- Genre: Crime Mystery Thriller
- Written by: Tomáš Koňařík Adam Doležal
- Directed by: Jiří Strach
- Starring: Pavel Kříž Jana Kolesárová
- Countries of origin: Czech Republic Slovakia
- Original languages: Czech Slovak
- No. of seasons: 1
- No. of episodes: 8

Production
- Cinematography: Martin Šec
- Running time: 60 minutes
- Production company: Trigon Production

Original release
- Network: Czech Television TV JOJ
- Release: 27 October 2024 – present

= Lovec (TV series) =

2024 Czech crime television series

Lovec (Hunter) is a crime mystery television series coproduced by Czech Television and TV JOJ. It is directed by Jiří Strach. The series is considered spiritual successor of Strach's previous projects Ďáblova lest, Ztracená brána and Labyrint.

==Plot==
The series follows Tomáš, a demon hunter working for a secret order. He does order's will and believes that he is on the right side, although he has doubts about some of the habits and methods of his organization. During his work he helps police to investigate mysterious cases associated with mysterious and inexplicable phenomena and fights demons as he tries to maintain the balance between good and evil.

Alice is a manager at insurance company. She starts having dreams when a murder occurs at Tribeč Mountains and doesn't know if her dreams are just dreams or visions.
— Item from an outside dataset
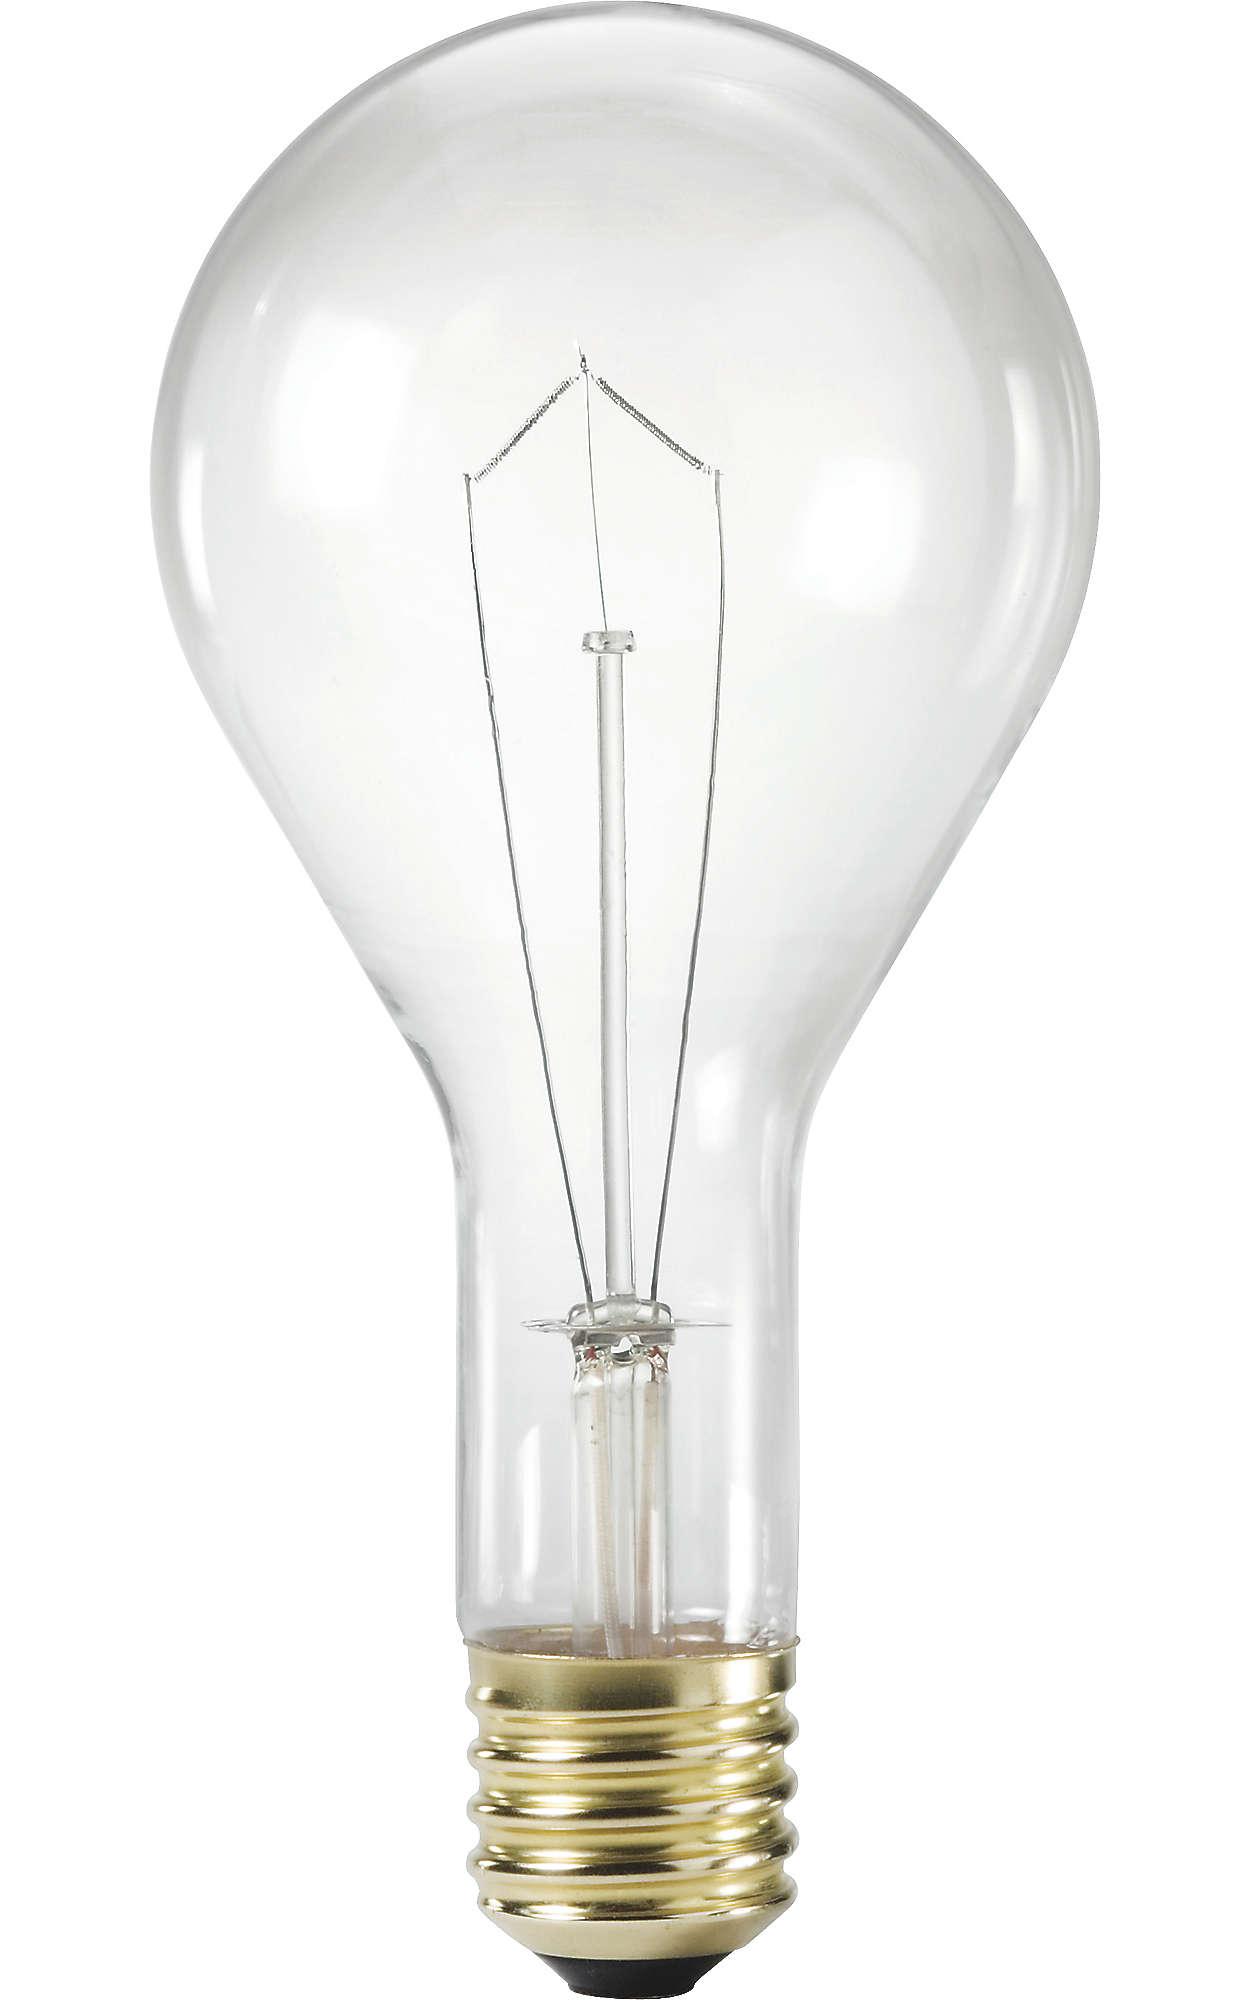 Lampes incandescentes à construction renforcée

The murder is similar to murder of her mother that happened thirty years ago and her father was convicted for it. For years she blamed him for what he supposedly did. However, her father denies the guilt and cannot explain what happened in front of his eyes at that time. At the crime scene she unexpectedly meets Tomáš and soon afterwards she gets in contact with a demon who enters inside her but she doesn't become possessed by him which never happened before. Tomáš believes that this is a new chance and that Alice can become a new weapon in an unequal battle. Therefore, he decides to protect her even from the very organisation of which he is a member and invites her to join him in his work.

==Cast==
===Main===
- Pavel Kříž as Tomáš Lang
- Jana Kolesárová as Alice Černá
- Jiří Dvořák as Jindřich
- Ján Greššo as Gál
- Marek Lambora as Milan
- Ivo Gogál as Bruno
- Martin Stránský as Darius

===Supporting===
- Dušan Kaprálik as Priest
- Simonetta Hladká
- Leona König
- Veronika Strapková
- Max Bolf
- Tomáš Turek
- Nikolett Dékány
- Lukáš Černoch

==Episodes==

| Episode | Czech Title | Slovak Title | Directed by | Written by | Original air date (TV JOJ) | Original air date (ČT1) | Slovak viewers (millions) | Czech viewers (millions) |
|---|---|---|---|---|---|---|---|---|
| 1 | Alice | Alica | Jiří Strach | Tomáš Koňařík | 27 October 2024 | 30 October 2024 | 0.263 | 0.825 |
| 2 | Výtah | Výťah | Jiří Strach | Tomáš Koňařík | 3 November 2024 | 6 November 2024 |  | 0.755 |
| 3 | Talisman | Talizman | Jiří Strach | Tomáš Koňařík | 10 November 2024 | 13 November 2024 |  | 0.658 |
| 4 | Gama | Gama | Jiří Strach | Tomáš Koňařík | 17 November 2024 | 20 November 2024 |  |  |
| 5 | Blíženci | Blíženci | Jiří Strach | Tomáš Koňařík | 24 November 2024 | 27 November 2024 |  |  |
| 6 | Řád | Rád | Jiří Strach | Tomáš Koňařík | 1 December 2024 | 4 December 2024 |  |  |
| 7 | Darius | Darius | Jiří Strach | Tomáš Koňařík | 8 December 2024 | 11 December 2024 |  |  |
| 8 | Lov | Lov | Jiří Strach | Tomáš Koňařík | 15 December 2024 | 18 December 2024 |  |  |

==Production==
Shooting started in October 2022. The series was shot in Prague, Chotěšov Abbey, Znojmo or various places in Slovakia. Filming locations also included Rajhrad Abbey. Shooting concluded at the end of July 2023.